The following day, Peterson and Cindy pushed their way to the front of the festival arena, determined to be in the best location for Hendrix’s show. There was a strong police presence as a result of violence the previous evening, which caused a raising of tension during the long wait for Hendrix. Eventually, she wrote, the crowd rushed the stage and the cops retaliated without reservation. “[They] began lobbing canisters of tear gas into the crowd. Pandemonium ensued. … A voice over the PA system kept yelling, ‘Cover your face! Cover your face!’ Suddenly, I felt a sharp whack on the side of my head, and everything went black. When I woke up, dazed and confused, I was in a trailer behind the stadium with a medic leaning over me. My head was throbbing and the side of my face felt like it was on fire. ‘Where am I?’ I whimpered. ‘What happened?’ ‘Looks like you got hit with a tear gas canister,’ the medic replied, matter-of-factly. ‘You’ve got a little cut on your scalp and some chemical burns on the side of your face, but don't worry, you’ll be fine.’ Easy for you to say, Mister. I might be missing Jimi Hendrix!”

Peterson’s fortunes began to change as she left the medical trailer. “I passed another small motor home where a very large man with a gigantic Afro stood guarding the door. Arms folded, looking a lot like the genie from Aladdin’s lamp, he called, ‘Wanna meet Jimi Hendrix?’ I couldn’t believe my ears.” Admitting it was a “gullible” move, she followed the crewman into the trailer – but it was true: Hendrix was there, “half lying on a convertible bed in the back of the trailer.”

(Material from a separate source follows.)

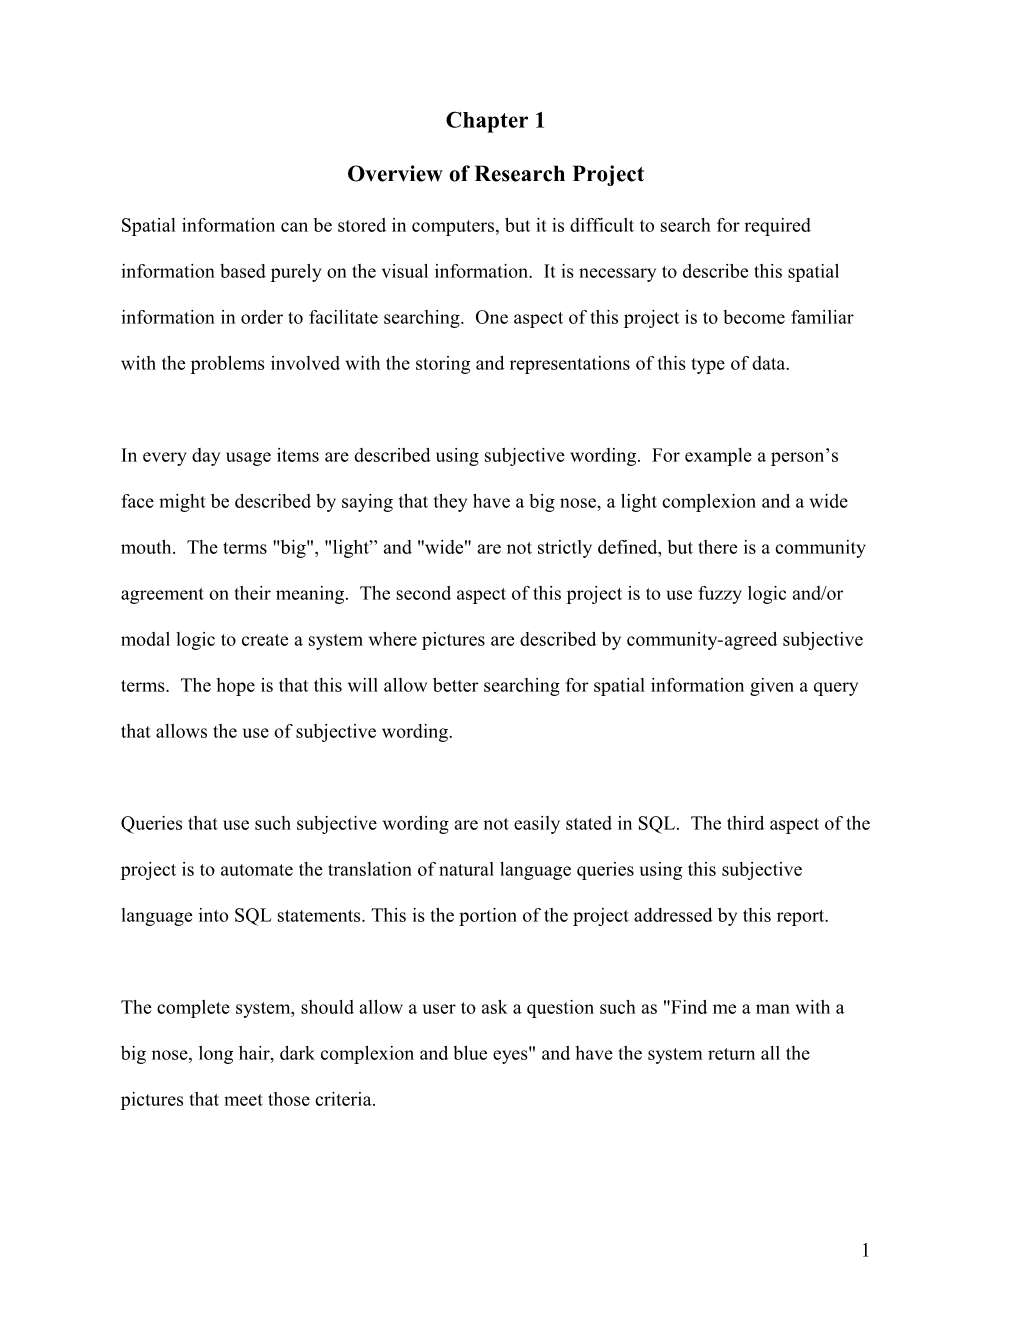 Overview of Research Project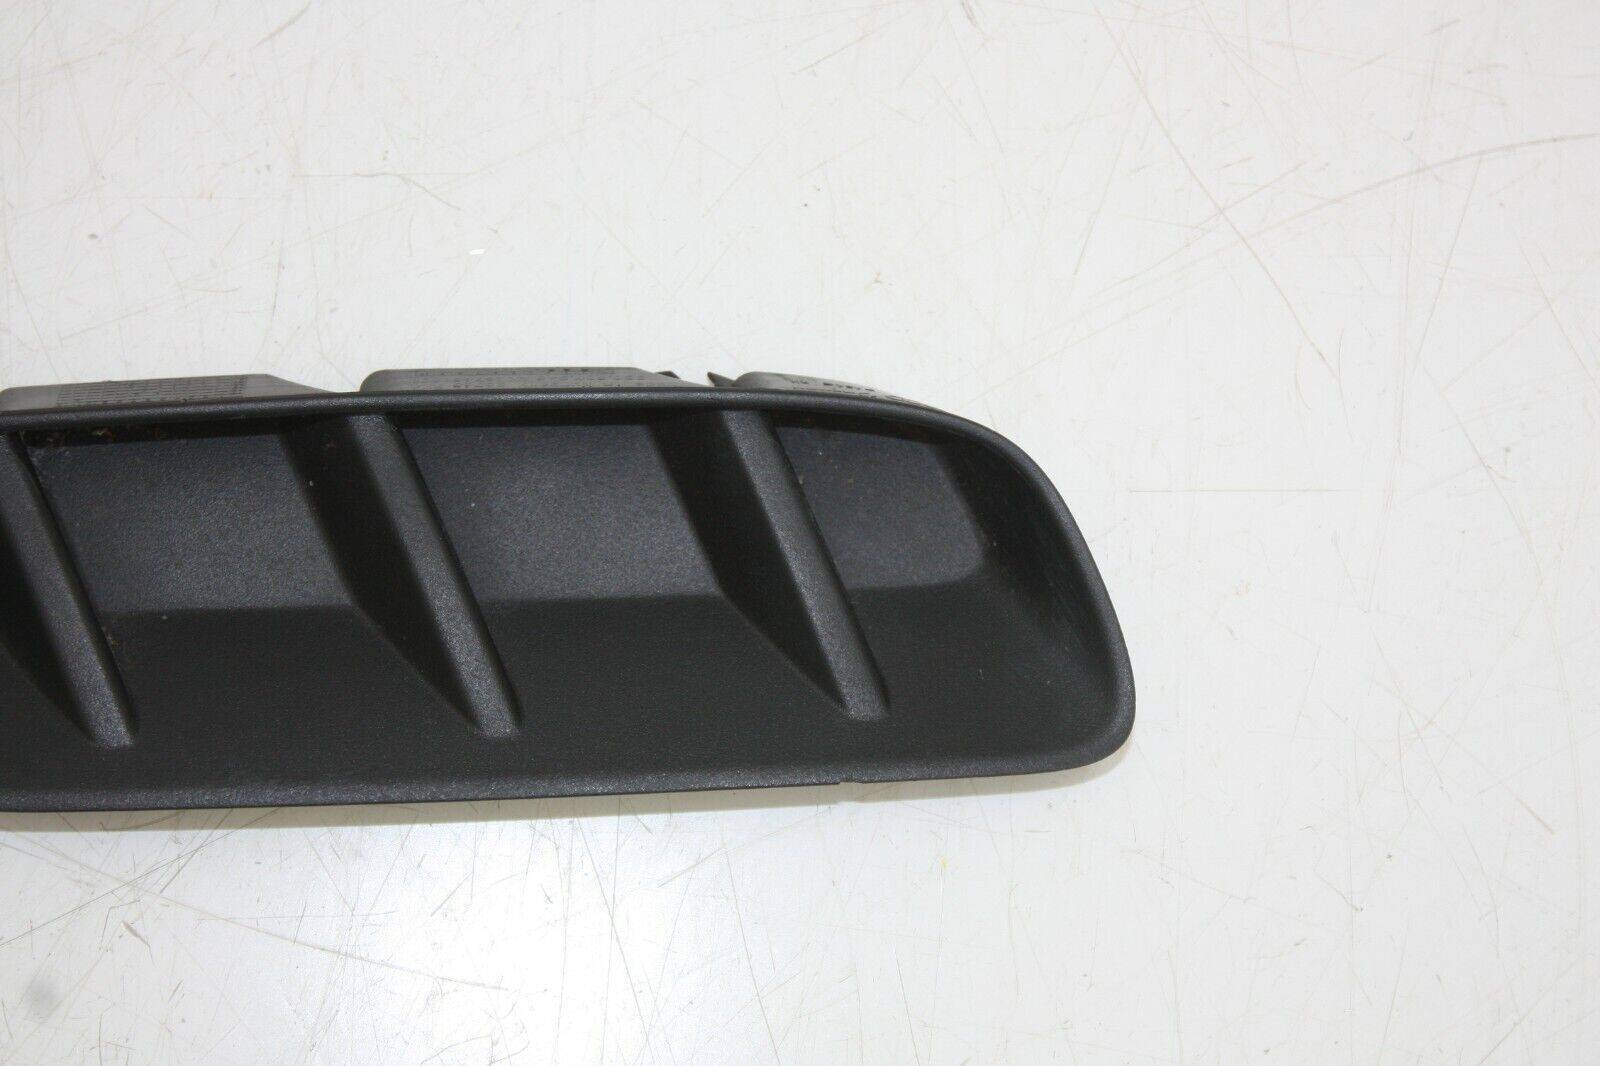 Audi-TT-Coupe-Roadster-Right-Side-Air-Outlet-Trim-8S0807946-Genuine-175869883766-3

He asked her what was going on in the arena, and she offered a full account. Seeing her injuries he took a damped towel and cleaned them up, before lighting a doobie. “We lounged on the bed and smoked it while he launched into an angry diatribe about the pigs, America, Vietnam, and ‘the system,’” she recalled. “I listened and nodded enthusiastically in agreement. Even though he was as pissed off as could be, I was struck by the fact that his voice still remained soft, deep, and even. No shouting or yelling… he was telling me he’d had it with the US and was going to leave the country for good.” At that moment he was told it was time to hit the stage. “Jimi scribbled a phone number on a scrap of paper and stuffed it into my hand. ‘Call me after the show,’ he said. As he made his way to the door, he stopped, wrapped his arms around me and kissed me so sweet and slow that I thought I’d pass out.”

Peterson couldn’t know at the time that she was watching the final performance of the Jimi Hendrix Experience, who split up that night. But she had half her mind on the possibilities connected with making the phone call. When she did, it wasn’t what she’d hoped for. “[S]omeone answered! It was a girl. My heart sank. This was definitely not in the plans. I could hear loud music and what sounded like a party going on in the background. ‘Is Jimi there?’ I asked, trying not to sound as disappointed as I was. ‘Whosis?’ she slurred. ‘Tell him it’s Cassandra.’ I heard her yell Jimi’s name a couple of times, then I waited for what seemed like an eternity. ‘Wh000ttrrrrrr shugumm uh huh rrrgggh.’ It was Jimi’s voice. ‘Jimi, Jimi! Hi! It’s me, Cassandra! Remember? The girl you met backstage?’” That’s all the sense she got from him until he finally dropped the handset on the floor. “I stayed on the line for a minute listening to the sounds of partying, tears welling up in my eyes. Finally, I put the receiver back on its cradle. As if I wasn’t already bummed enough, Cindy was so angry that I hadn’t asked him where he was staying that she refused to speak to me. All this made for a long, silent drive back to Colorado Springs.”

Reflecting on her groupie era, Peterson, now 70, admitted it had caused issues with her parents, but noted: “For all my crazy prick-teasing behavior, I never found myself in any serious trouble while chasing bands. I got thrown out of a room or two when I wouldn’t put out, but I was lucky. It was definitely a more innocent time. Hippies were preaching ‘peace not war,’ love-ins and flower power abounded, and young people were sure they were going to save the world. Life in the ‘60s, for the counterculture – of which music was a centerpiece – was all about beauty, honesty, and fun; but most of all, love.”